▸ **Work order**
In the records that follow, find the line containing "Dekorace vánoční stromeček" and the line containing "Dlužní úpis Tělocvičná", then transcribe both and every line between them exactly, omitting pictures.

---------- Records for this exercise ----------

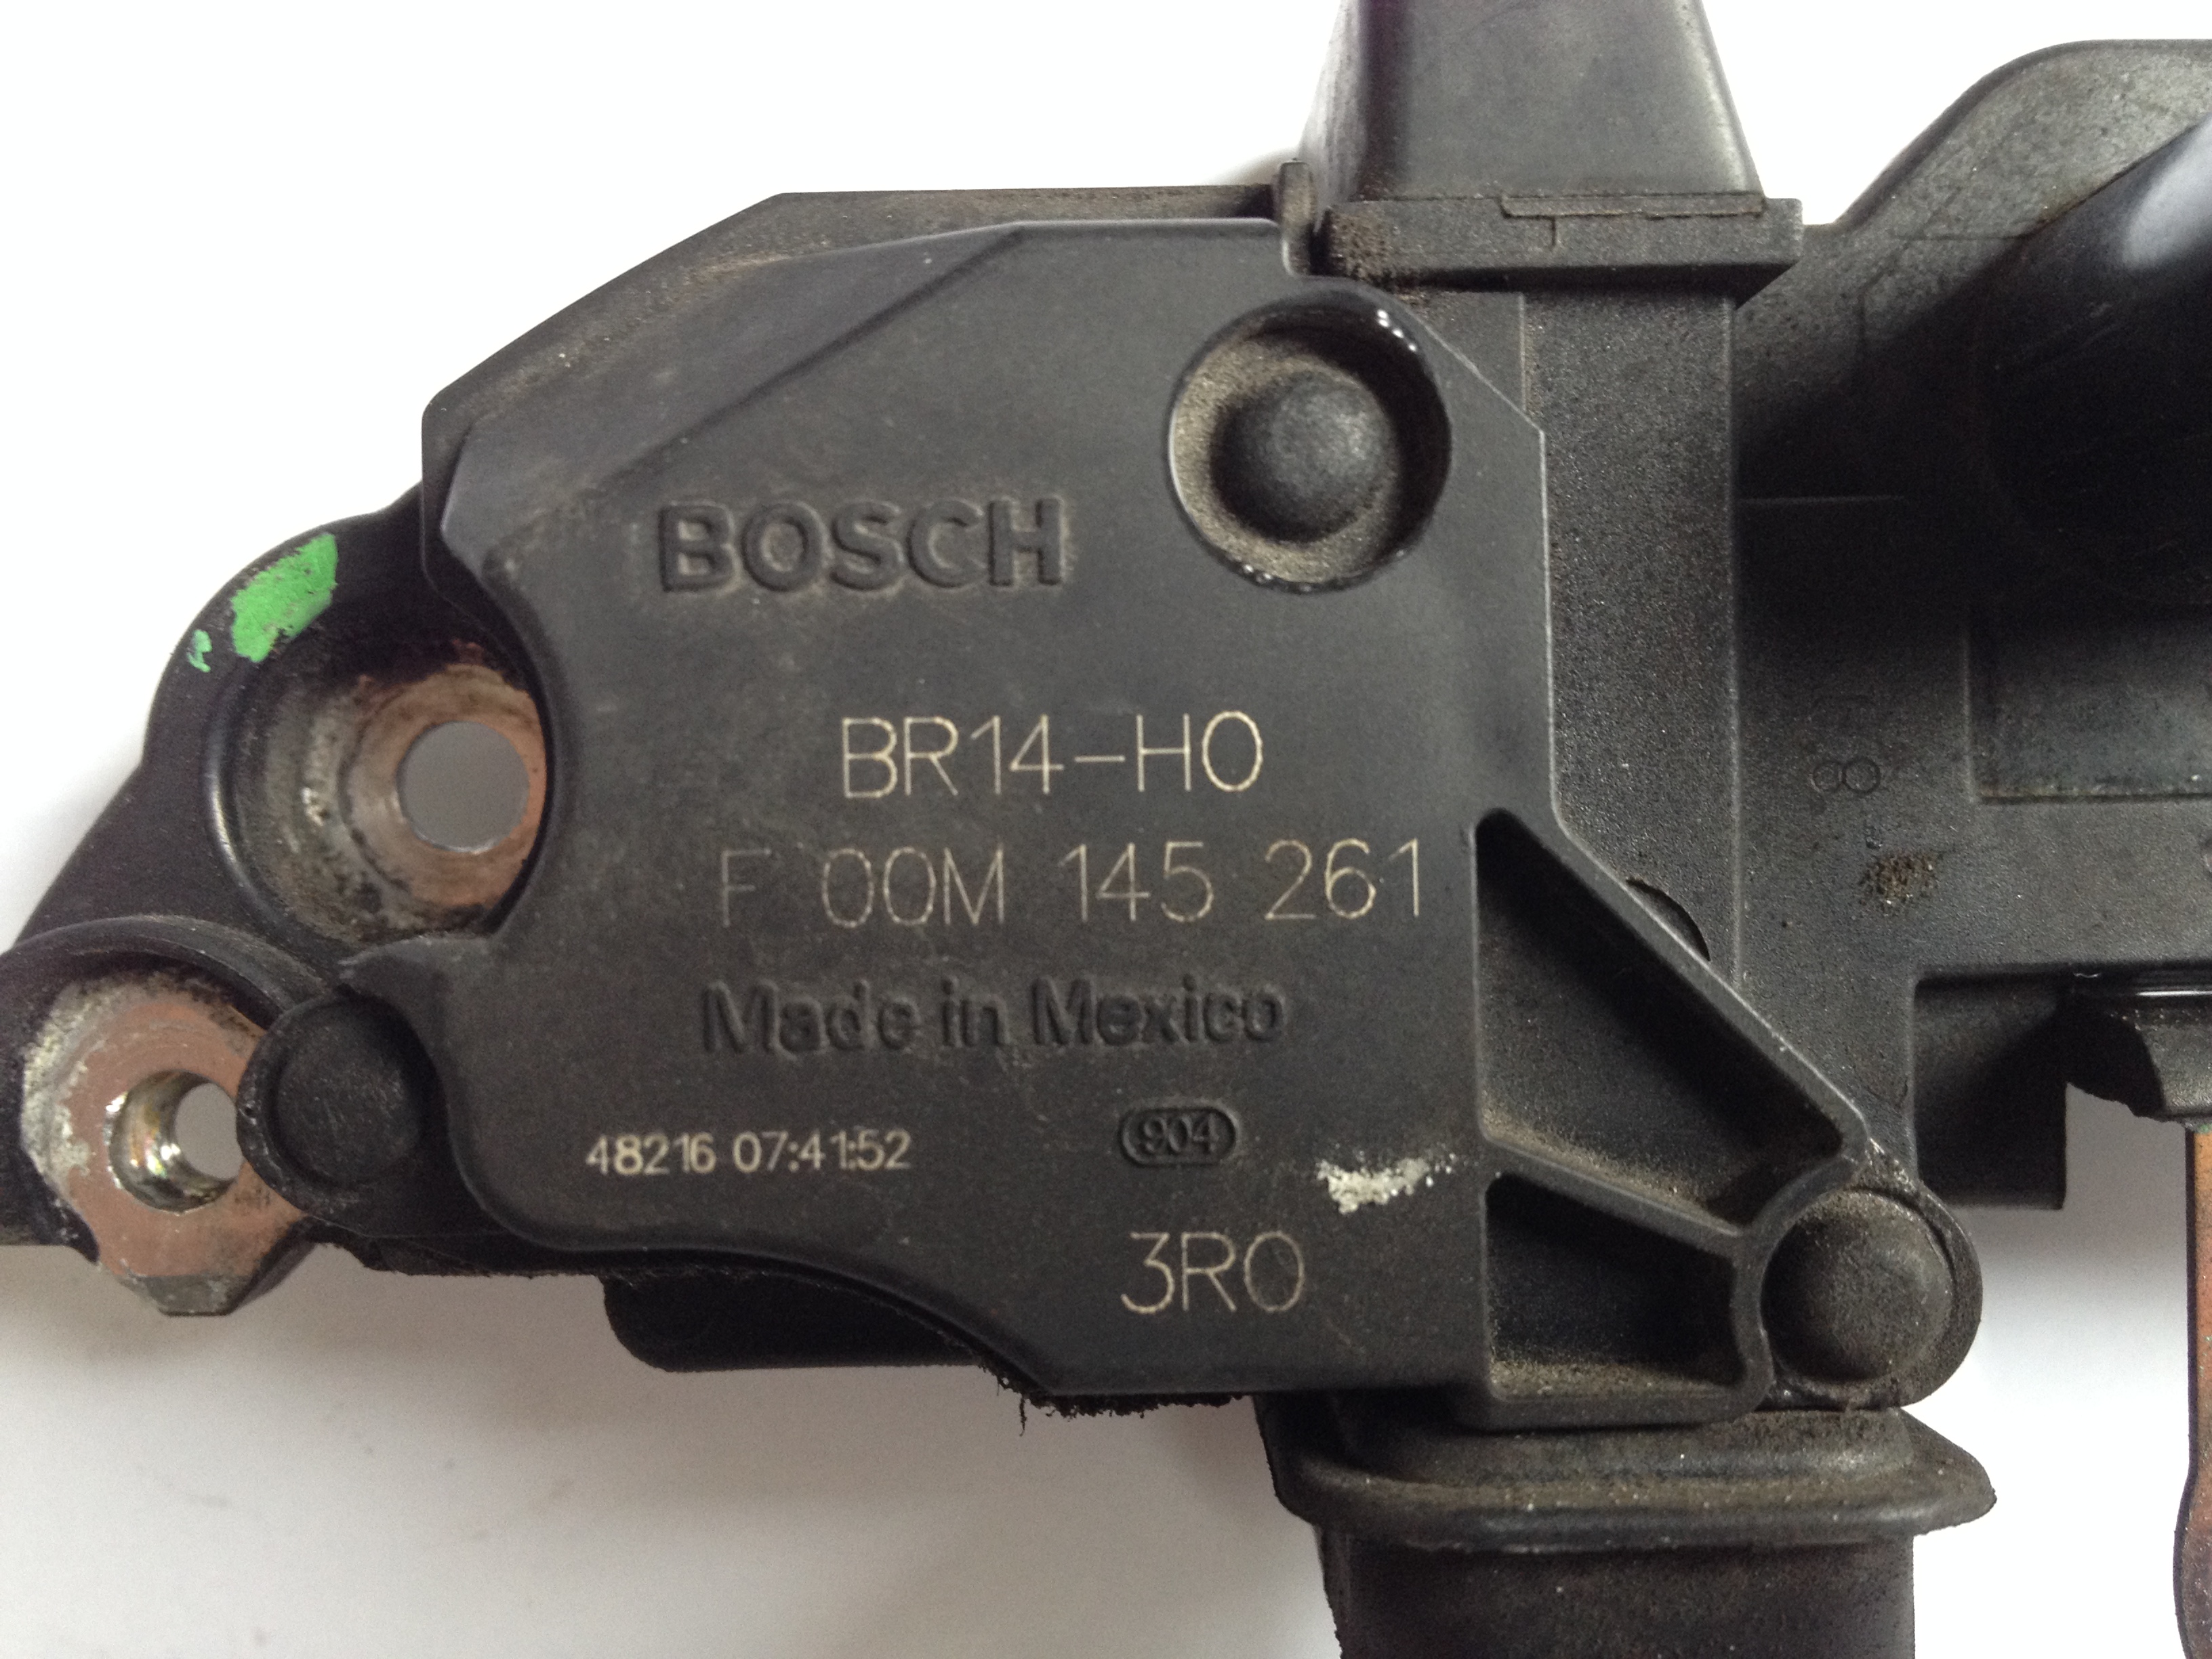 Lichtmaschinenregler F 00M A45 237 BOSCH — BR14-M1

----------
---------- Records for this exercise ----------

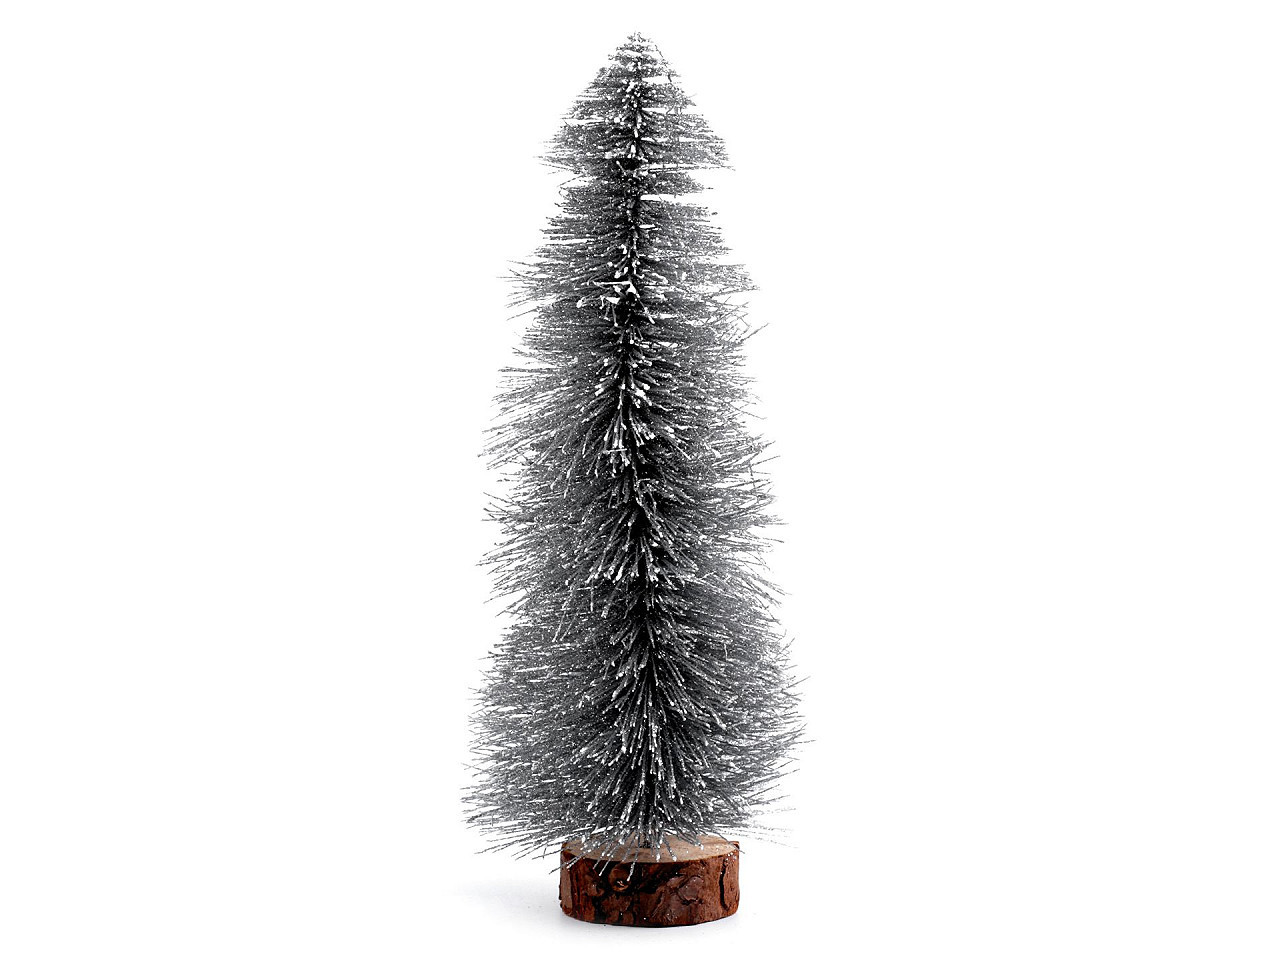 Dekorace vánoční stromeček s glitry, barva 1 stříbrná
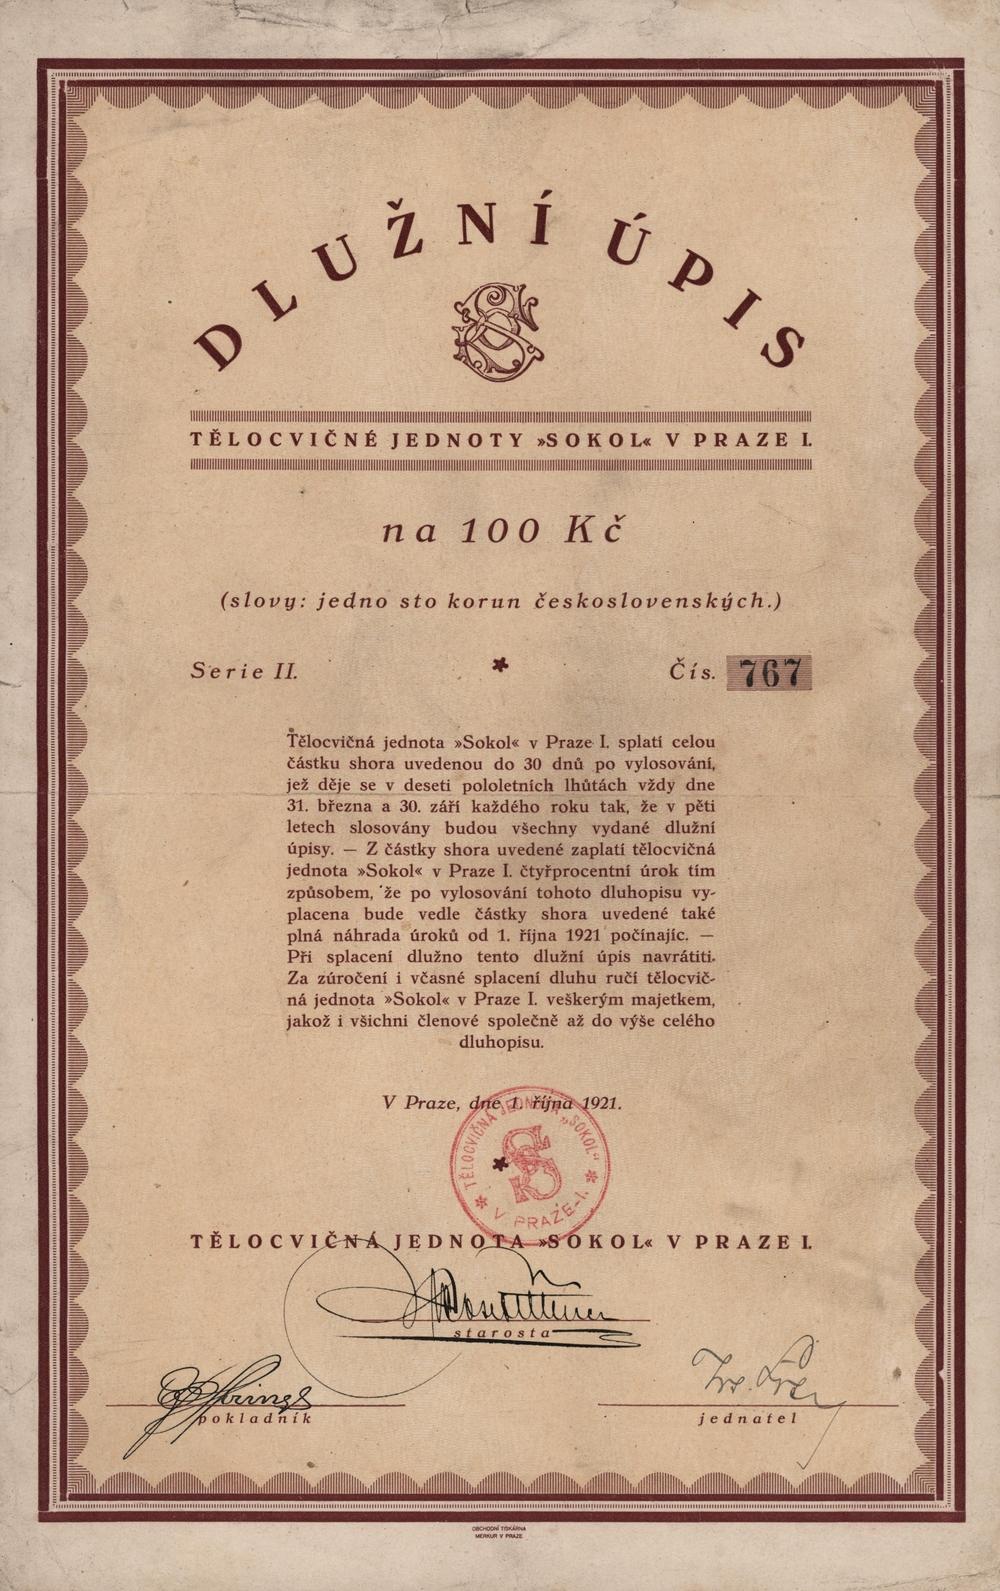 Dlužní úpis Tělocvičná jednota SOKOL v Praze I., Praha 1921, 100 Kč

----------
---------- Records for this exercise ----------

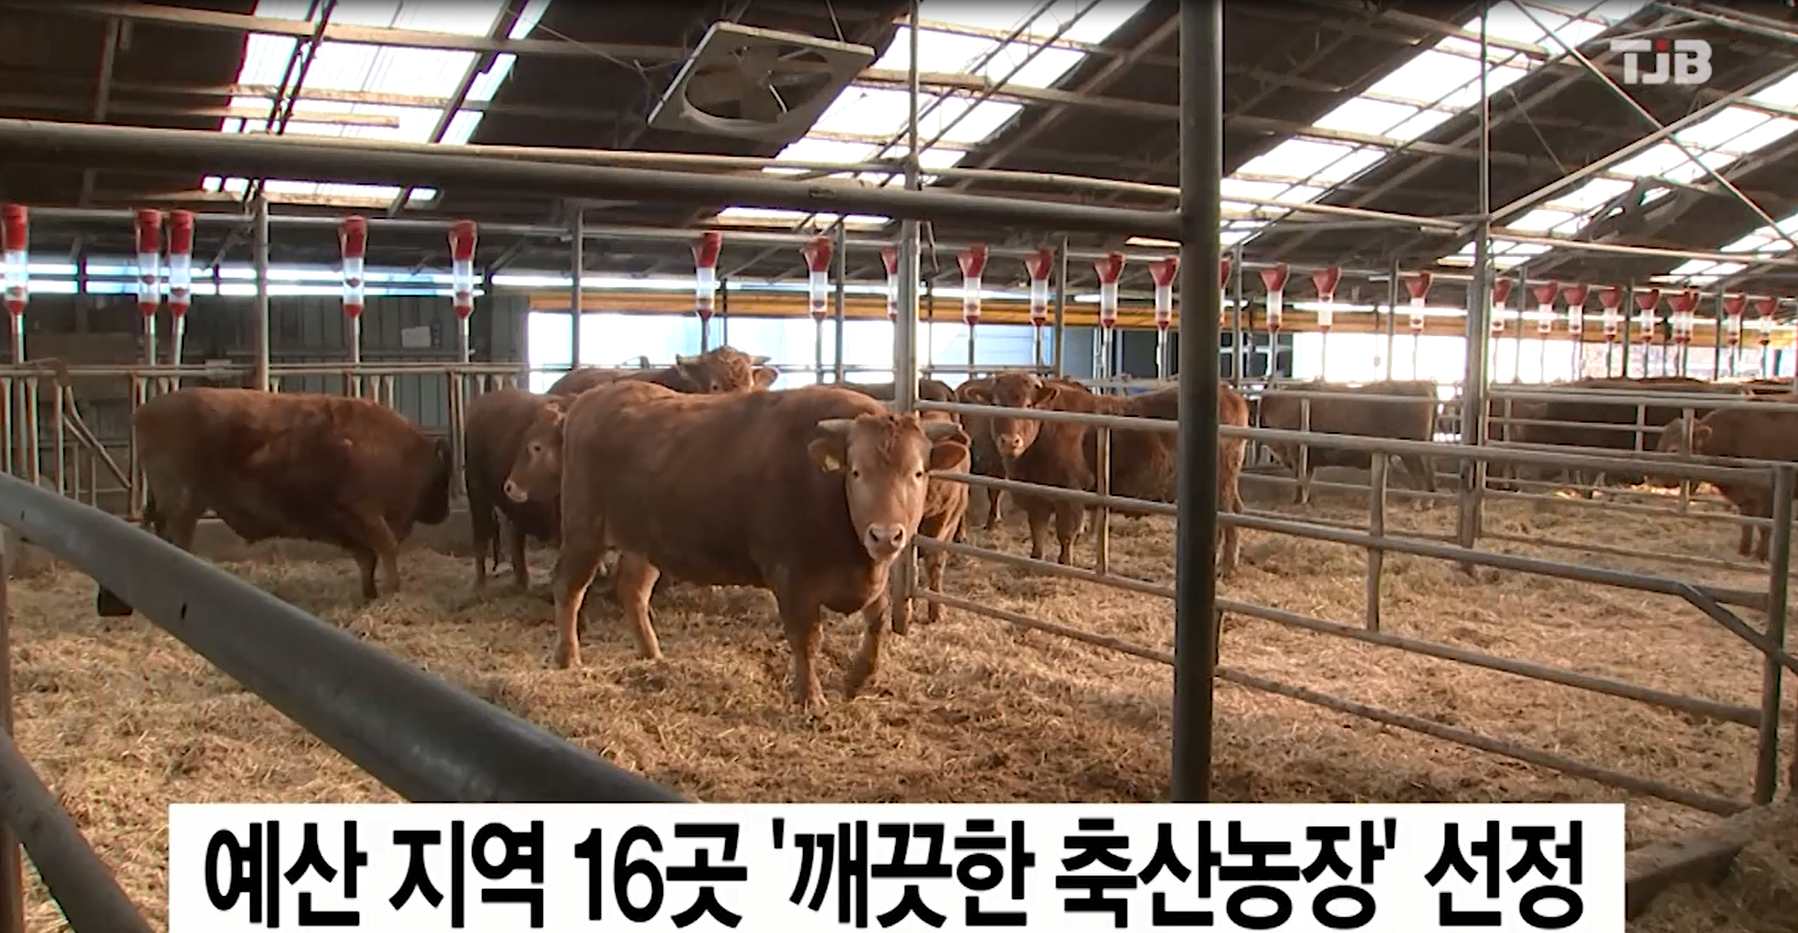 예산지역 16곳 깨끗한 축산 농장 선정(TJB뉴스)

----------

▸ **Finished task**
 Dekorace vánoční stromeček s glitry, barva 1 stříbrná
 Dlužní úpis Tělocvičná jednota SOKOL v Praze I., Praha 1921, 100 Kč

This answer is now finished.